Why Sam Altman’s proposal of American Equity Fund would be detrimental to society and why it would not work

cloudwarrior
2 min readMar 17, 2021

We could do something called the American Equity Fund. The American Equity Fund would be capitalized by taxing companies above a certain valuation 2.5% of their market value each year, payable in shares transferred to the fund, and by taxing 2.5% of the value of all privately-held land, payable in dollars.

Good intentions, bad solutions.

1. Wrong incentives

If you are getting shares or money yearly because Amazon / Apple / Alphabet / Microsoft / Facebook is over a certain market cap, you are definitely not going to like any upcoming competition to those giants. You (and others benefiting from the ridiculous bigness of these corporations) would have an incentive to not use, find flaws and smear the alternatives.

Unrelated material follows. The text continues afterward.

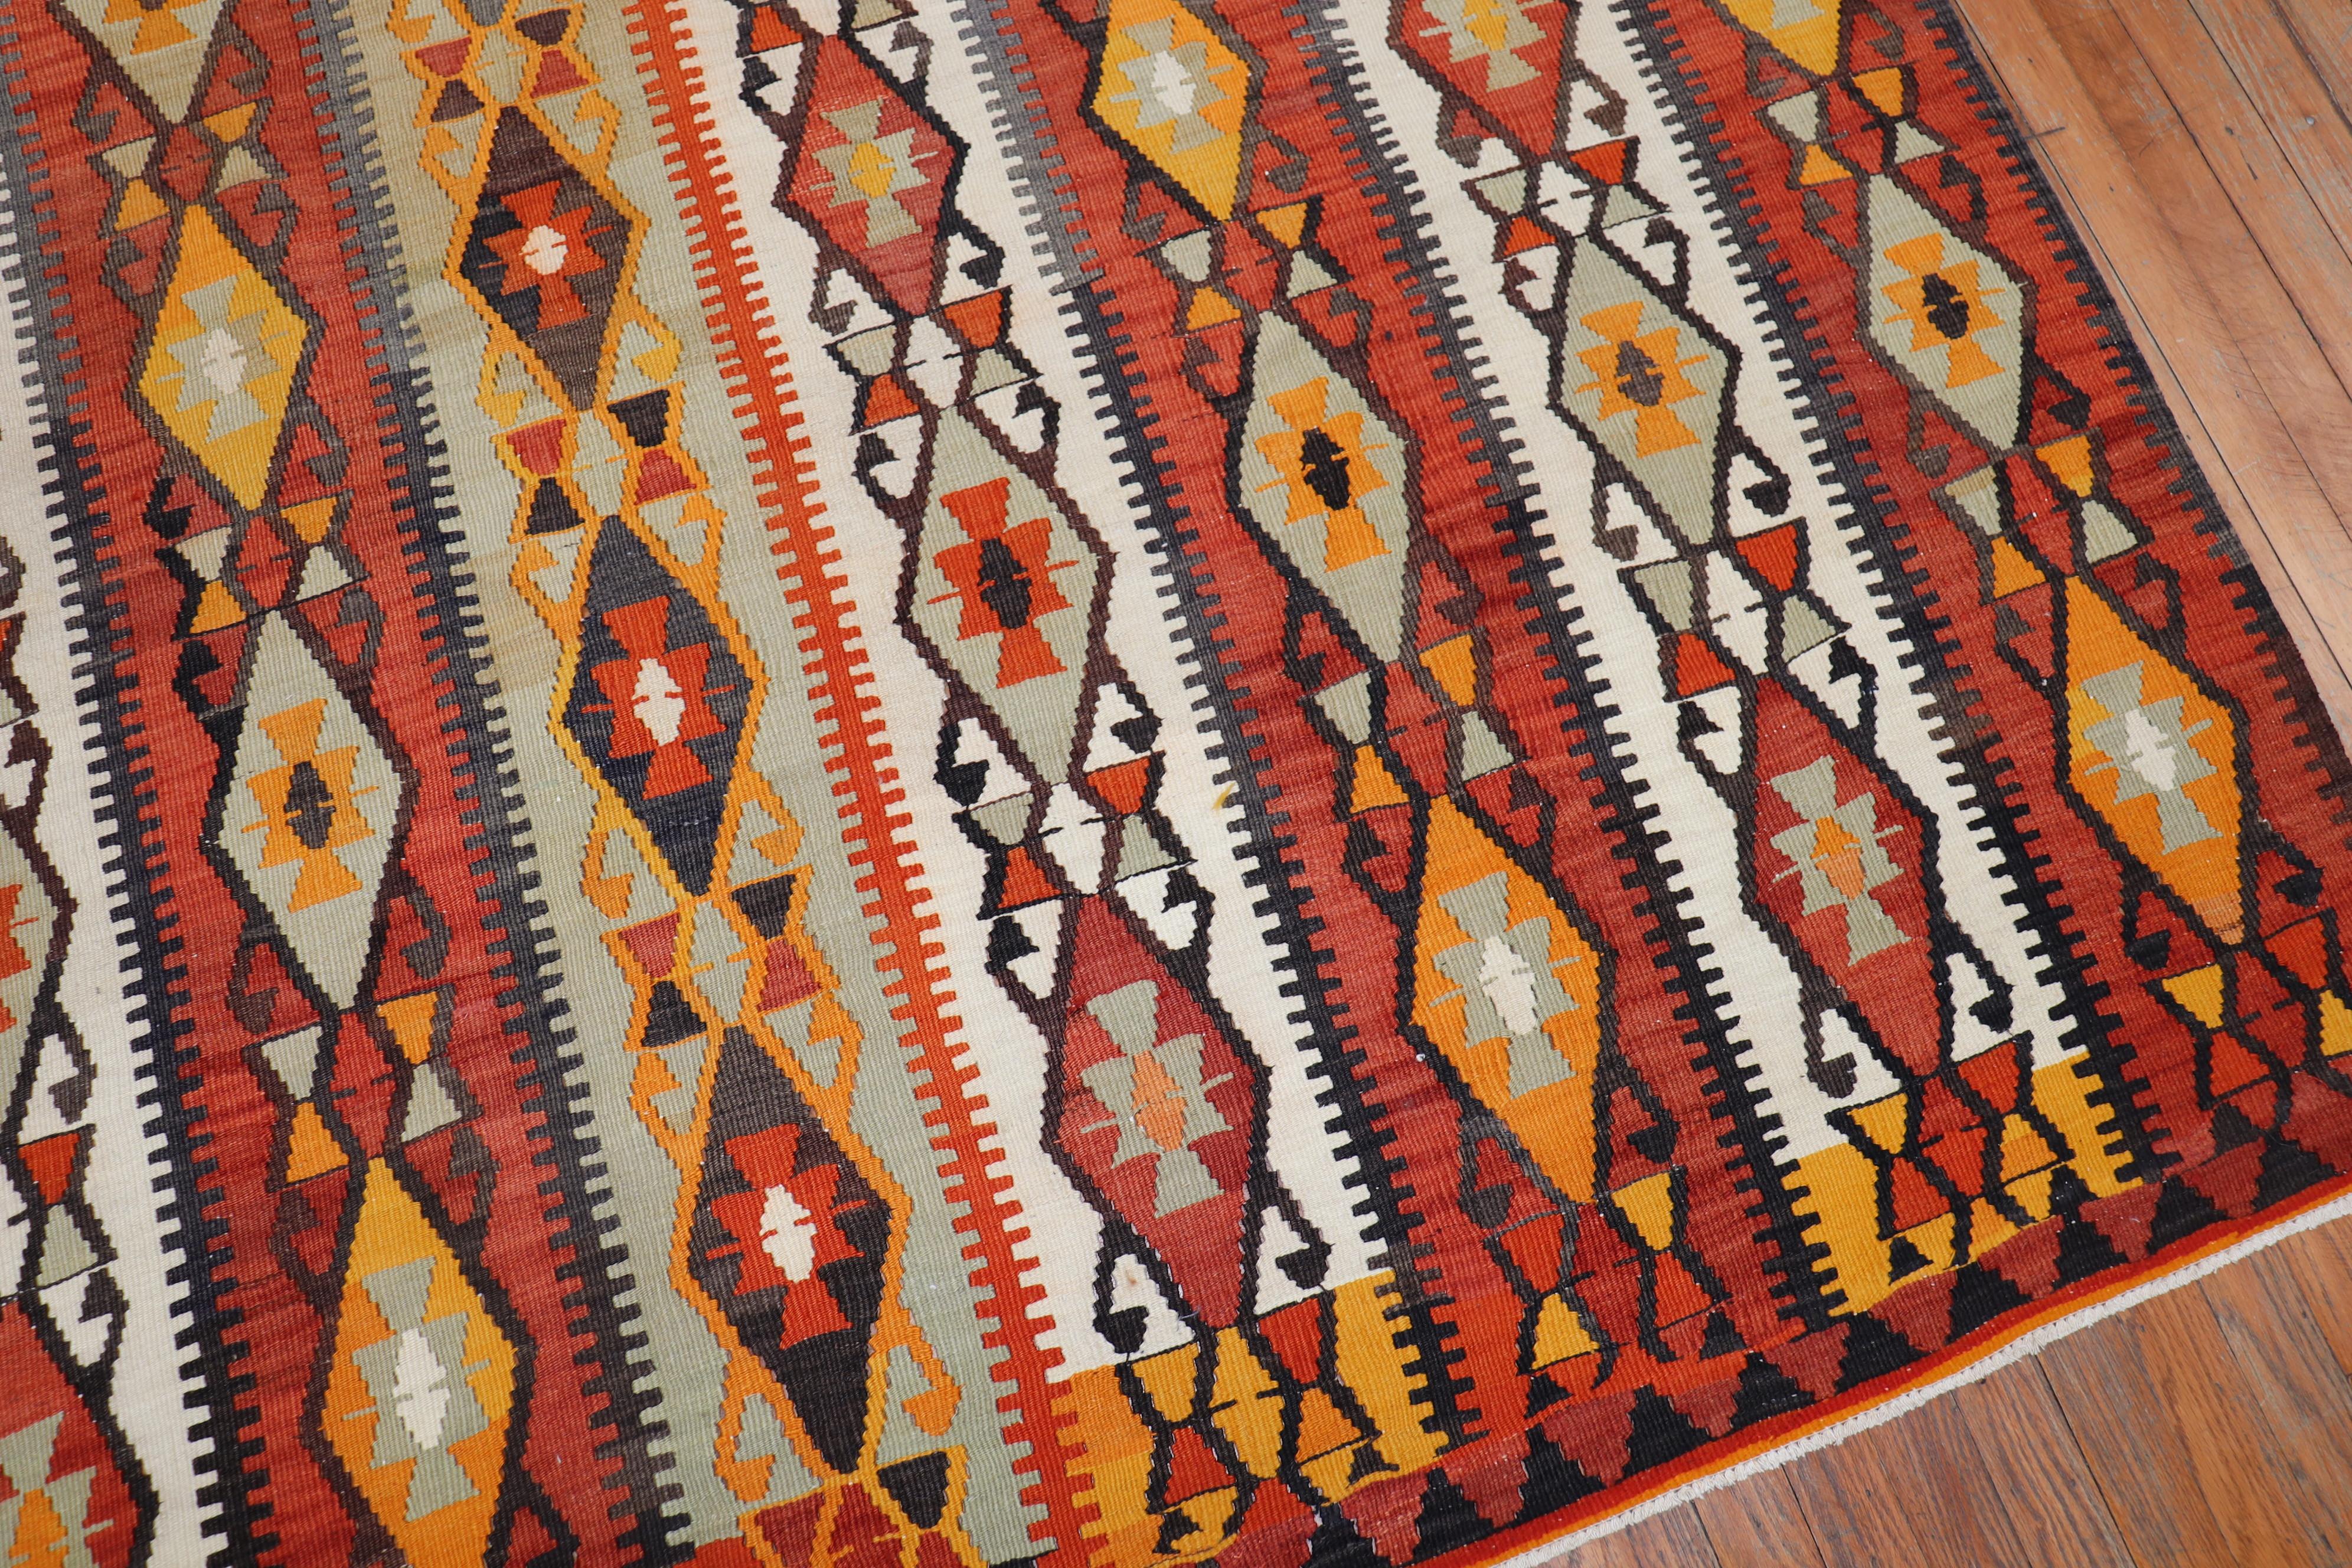 One of a kind, hand knotted Turkish tribal Kilim flat-weave from the second quarter of the 20th century with a rustic all-over geometric design predominantly in brick orange.

Measures: 7'9

2. Corporations would just break up into smaller pieces

Alphabet Inc. would become Google Search Inc., Google Drive Inc., Youtube Inc., Gmail Inc. etc.; you get the idea. They would keep breaking up to not exceed a certain market cap. At the end of the day, 51% of voting shares would still belong to Larry and Sergey in all of those.

Any imposition of taxes based on some cap (let it be market or revenue) will be futile as history has clearly shown. Businesses will inevitably find ingenious ways to circumvent these and as always, the consumers and the workers will pay the price for these bad ideas.

So, what should be done?

The one thing I agree with Sam is that technological progress will keep going up and most likely faster than ever before.

But will only the rich benefit and average people will be left behind? That’s what Karl Marx was afraid as well. But this has not happened yet although it has been predicted many times with each technological advancement. What did happen then?

What happened instead is actually quite the opposite. People on average have been getting more prosperous, more secure, and freer than ever before. It’s actually quite magical what humanity has achieved since the middle of the 18th century.

Conclusion

I don’t think we have a problem. On the contrary, it’s been getting better. More and more people participate in the stock market, more and more people own assets, more and more power is distributed.

We don’t need governments to babysit us. It will be alright.